Geoff Chappell - Software Analyst
At any given moment, execution of kernel-mode code is subject to the current processor’s current Interrupt Request Level (IRQL). Execution can be interrupted by code that runs at a higher IRQL. However, the higher the IRQL the more restricted is the execution. Most kernel functions are available for use only at the lowest IRQL, i.e., PASSIVE_LEVEL (0). The available functions are greatly reduced even for APC_LEVEL (1). Very few can be called at DISPATCH_LEVEL (2) and hardly any beyond that. Where code at this high an IRQL wants to do anything substantial, it must arrange for companion code to get executed at a lower IRQL when the kernel can get around to it. This deferring of execution to gentler circumstances is the essence of the Deferred Procedure Call. The blessing is relative, though, since the DPC executes at DISPATCH_LEVEL, which is still too high for such seemingly slight things as executing even a single instruction that touches pageable memory.
Kernel-mode code that expects to schedule a DPC, whether once or recurringly, first allocates a KDPC in non-paged memory and passes its address to KeInitializeDpc. Other arguments associate the KDPC with both the procedure that is to be called back and an arbitrary context that will be passed to the callback procedure should it ever be called. The way to schedule a call back is to feed the KDPC to the KeInsertQueueDpc function. This puts the KDPC into a per-processor queue. The kernel, in its own good time, removes the KDPC from that queue and the Deferred Procedure Call finally happens. Among the callback procedure’s arguments are the context that was specified when the KDPC was initialised and two more arguments that were specified when the KDPC was inserted.
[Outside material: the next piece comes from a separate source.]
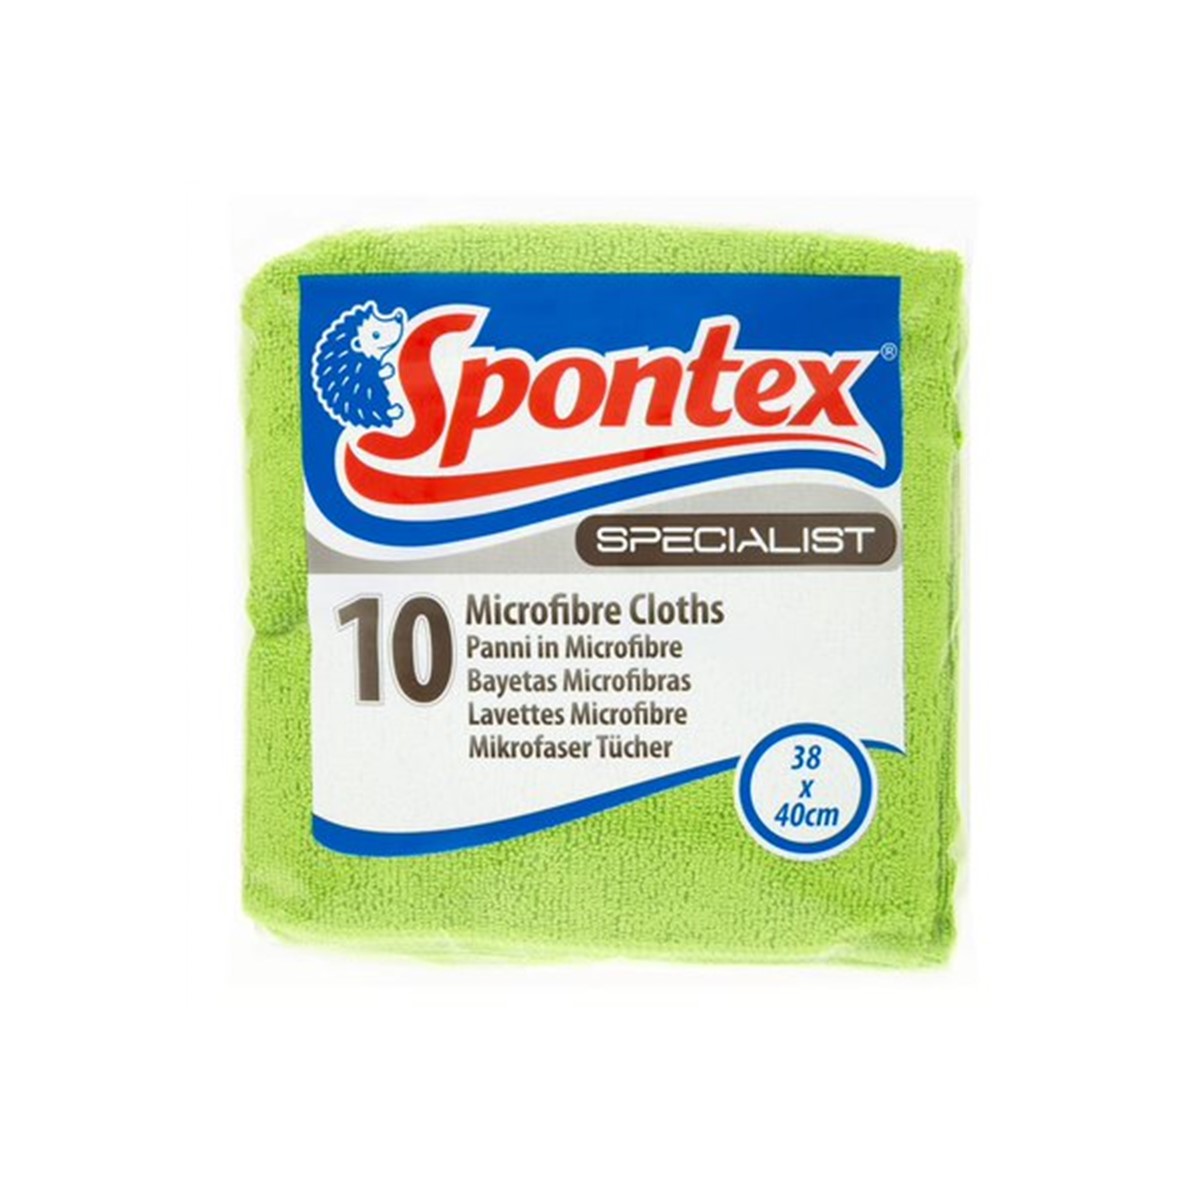 Spontex Microfibre Cloths - 10 cloths

The DPC can be rescheduled simply by reinserting it. This can be done over and over, and typically is. If a DPC is scheduled but the call back is then not wanted, it can be removed from the queue by calling KeRemoveQueueDpc. Some control over the insertion and the processing is available through other functions, which are better called while the KDPC is not inserted. To specify the processor that the DPC is to execute on, use KeSetTargetProcessorDpc or, in version 6.1 and higher, KeSetTargetProcessorDpcEx. To influence the order and circumstances of DPC processing, use KeSetImportanceDpc.
In version 5.2 and higher, a KDPC can represent either a normal DPC, as described above, or a Threaded DPC. In the latter variant, the scheduled procedure is called back at PASSIVE_LEVEL from a highest-priority thread. There’s a catch, however. Support can be disabled via the registry:
Key: | HKEY_LOCAL_MACHINE\System\CurrentControlSet\Control\Session Manager\Kernel |
Value: | ThreadDpcEnable |
Default: | 1 |
The kernel reads this registry value while starting. Whatever it finds applies thereafter to all processors. If this value is present and its data is zero, every threaded DPC is called at DISPATCH_LEVEL much as if it had been a normal DPC all along.